Go vs. Python, which is better for AI?

Original article can be found here (source): Artificial Intelligence on Medium

Go vs. Python, which is better for AI?

Golang is now becoming the mainstream programming language for machine learning and AI with millions of users worldwide.

Python is awesome, but Golang is perfect for AI programming!

Golang : Advantages

AI is on the verge of taking the technological world by storm. Machine learning, self-correction, and reasoning are some of the applications that can mimic human intelligence. AI-powered applications are now empowering businesses to improve the usage of their resources resulting in positive effects.

1) High scalability and computation: Golang has a higher potential in scalability and performance as compared to Python. The idea of using Go is because of its high speed as compared to the speed of math computation. For instance, it can cope with complex math problems of up to 20–50 times higher and much faster as compared to Python.

2) Vast AI purposes covered by Golang: Although Go offers small libraries it is consistently growing thus, addressing a large range of AI purposes. Go libraries such as GoLearn (data handling), Goml (passing data), and Hector (binary classification problems) are some of the libraries that serve AI and its applications.

3) Offers a good amount of code readability: Algorithms used in Go offers a minimalist approach allowing developers to easily create readable codes.

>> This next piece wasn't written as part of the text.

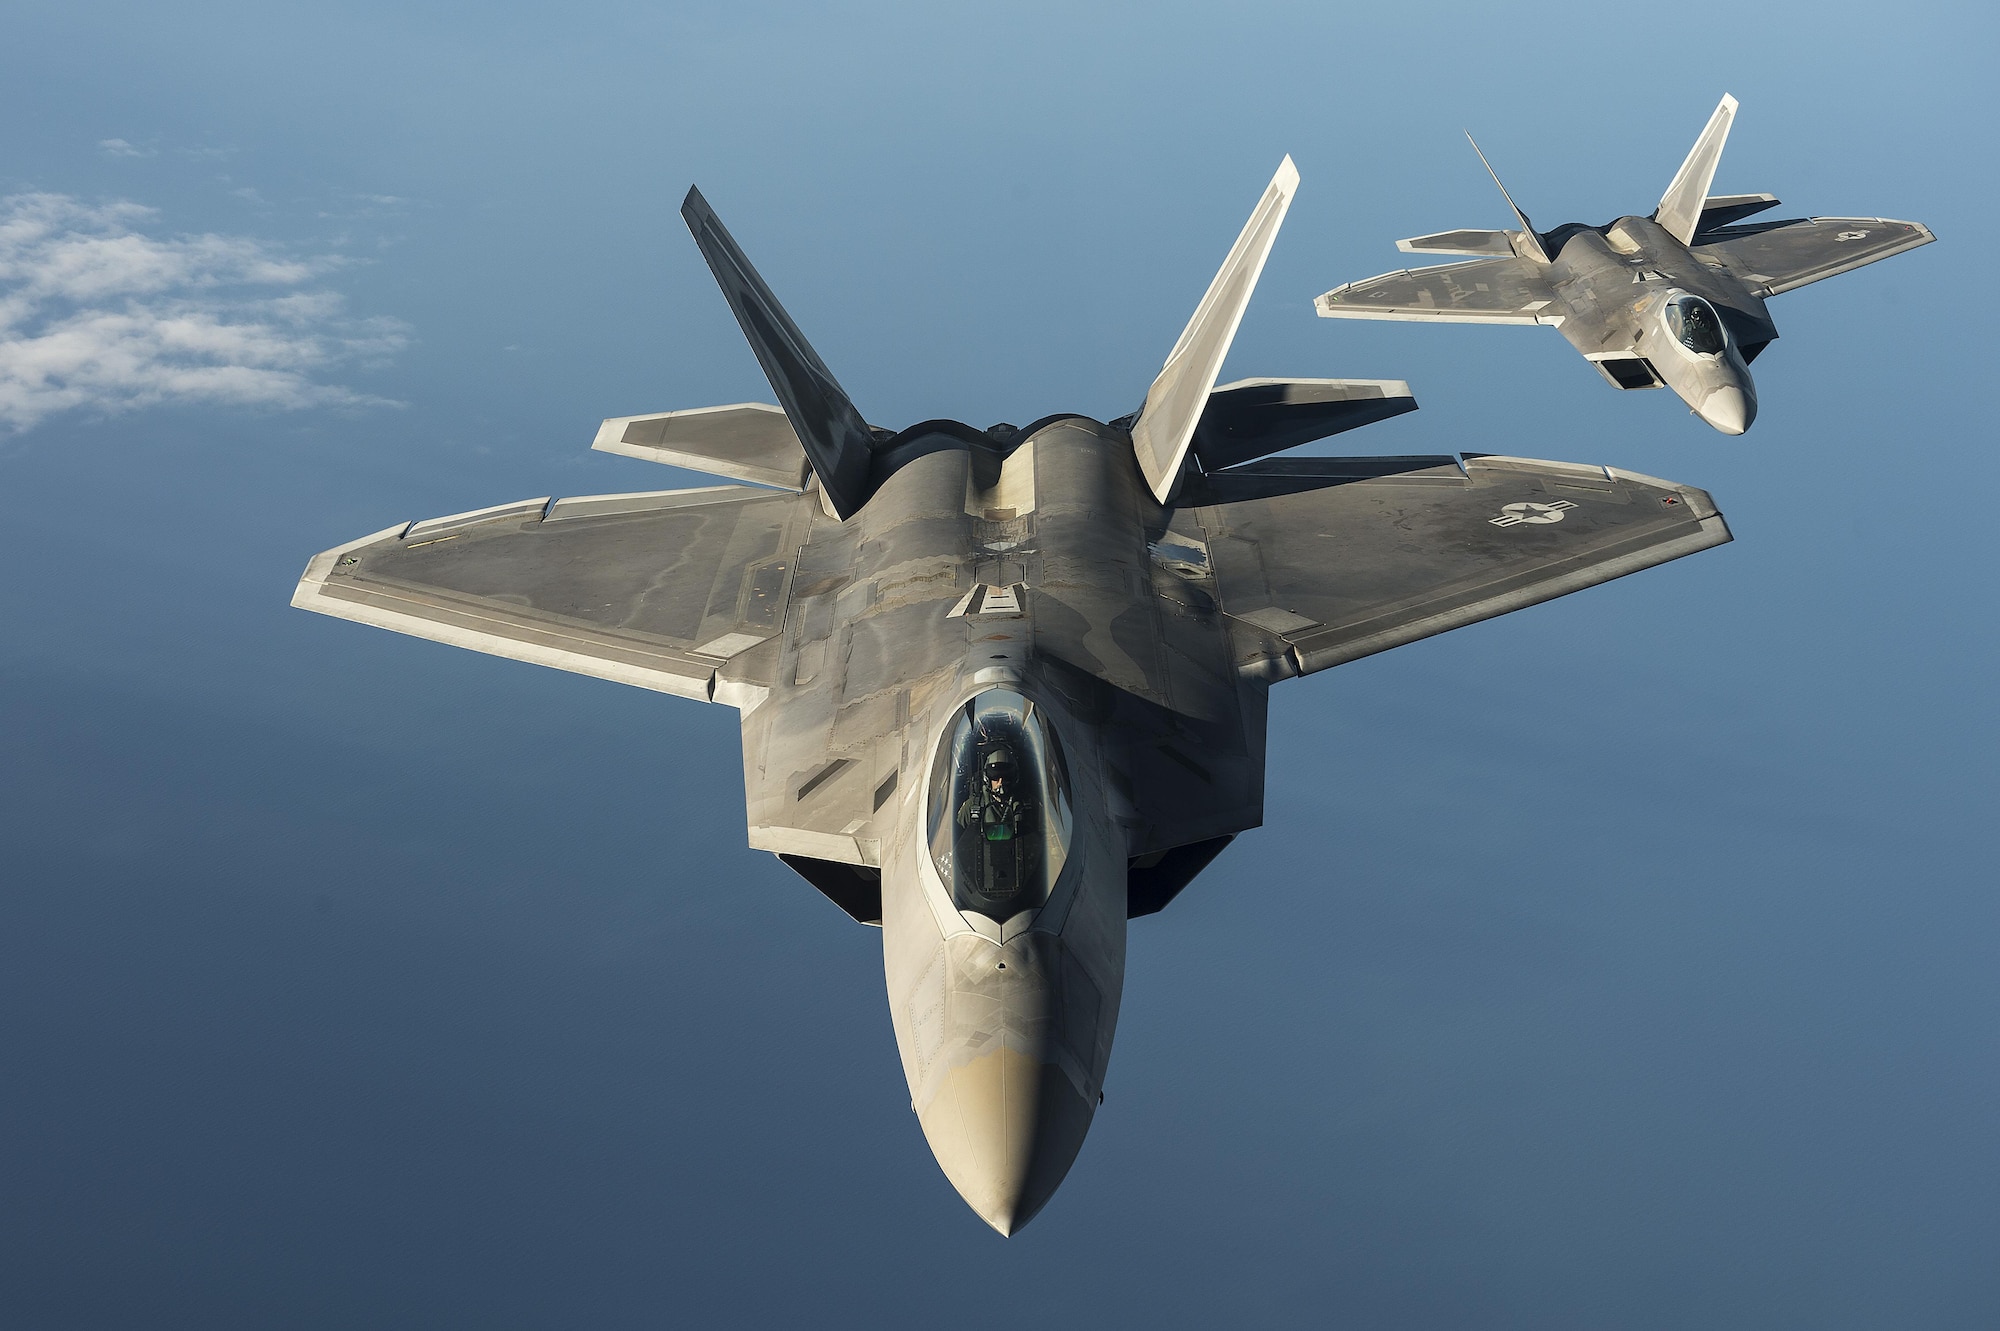 Two F-22 Raptors from the 95th Fighter Squadron at Tyndall Air Force Base, Fla., fly over the Baltic Sea on Sept. 4, 2015. Like the F-22 deployment last year, two F-22s deployed to Mihail Kogalniceanu Air Base, Romania. While in Europe, U.S. Air Force aircraft and Airmen will conduct air training with other Europe-based aircraft. (U.S. Air Force photo/Tech. Sgt. Jason Robertson)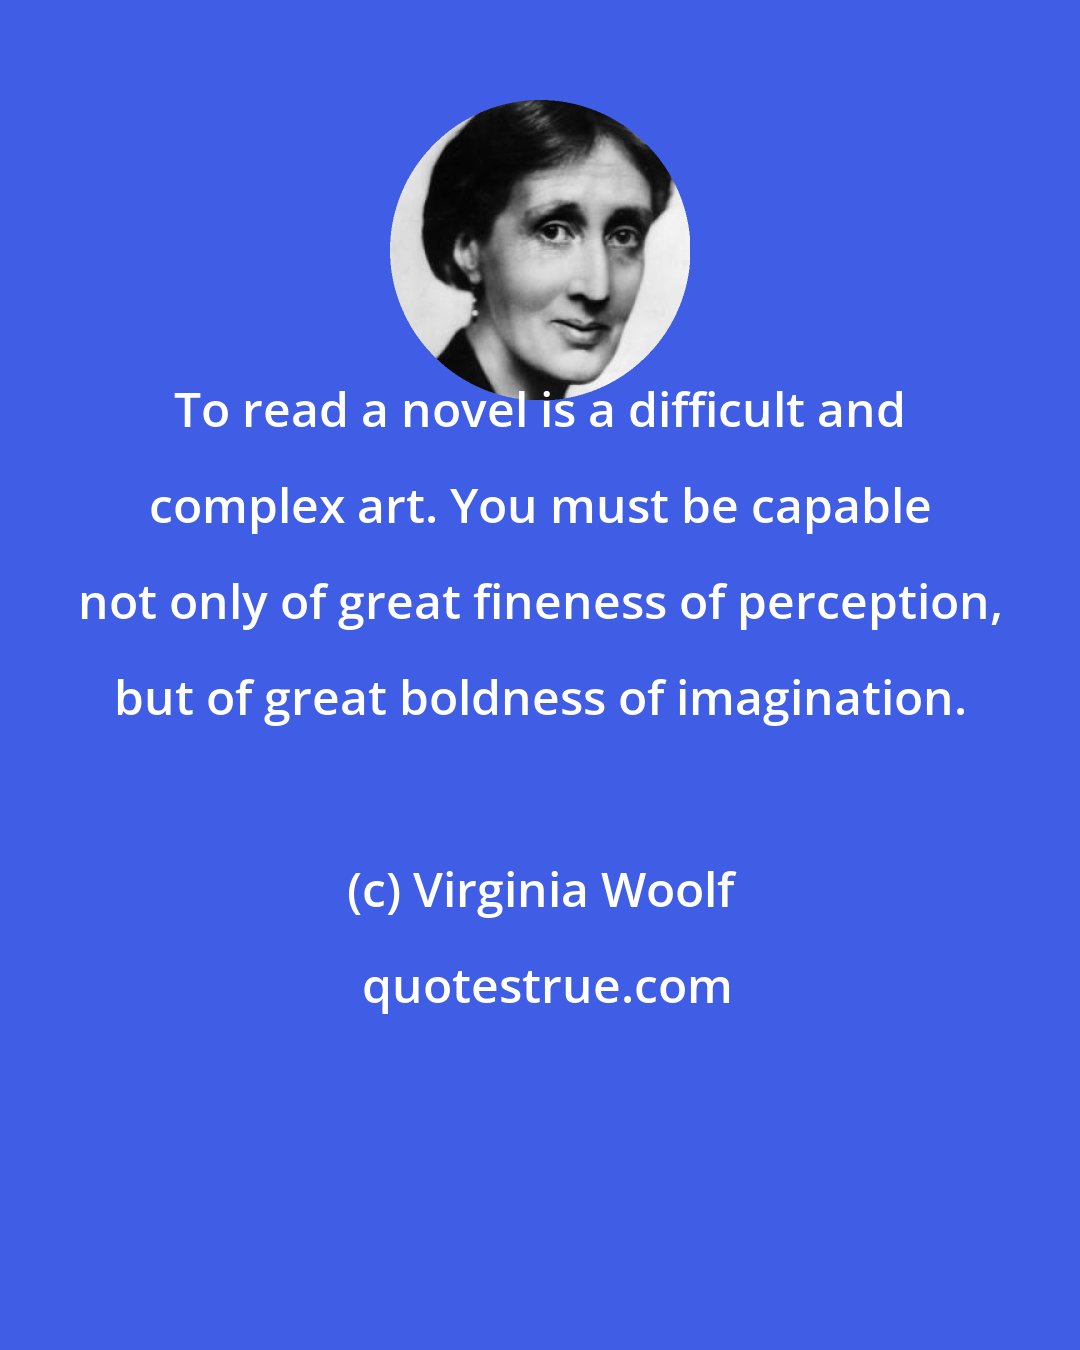 Virginia Woolf: To read a novel is a difficult and complex art. You must be capable not only of great fineness of perception, but of great boldness of imagination.

4) Ease of usage of Go libraries by Go developers: Most of the Go developers do not need to opt for libraries written in other programming languages. The core advantage of having libraries in Go is that it gives the AI professionals working programming with Go a developer’s comfort.

Python : Advantages

What’s the new black in the IT industry? Most answers will include machine learning and AI, and the results wouldn’t be wrong. Both these technologies have been the mainstream of the IT industry and will remain so until the foreseeable future.

1) Multiple numbers of libraries: Multiple libraries can now help AI engineers build new algorithms, conduct dataset processing, do model processing, work with the most complex data, and many more other functions. Not to forget, TensorFlow is one of the most popular libraries (open source) that is utilized for many machine learning applications of Google.

2) Python as a language is accessible: In business terms, language accessibility simply means having a vast market of experts in Python programming. Moreover, as we’re aware these programming languages are widespread across the globe.

3) Strong community: Python has a well-established and strong community. Based on GitHub’s report in 2019, there was nearly 1 million pull request sent over worldwide. The community tends to contribute toward creating new libraries to extending toolset and updating documentation.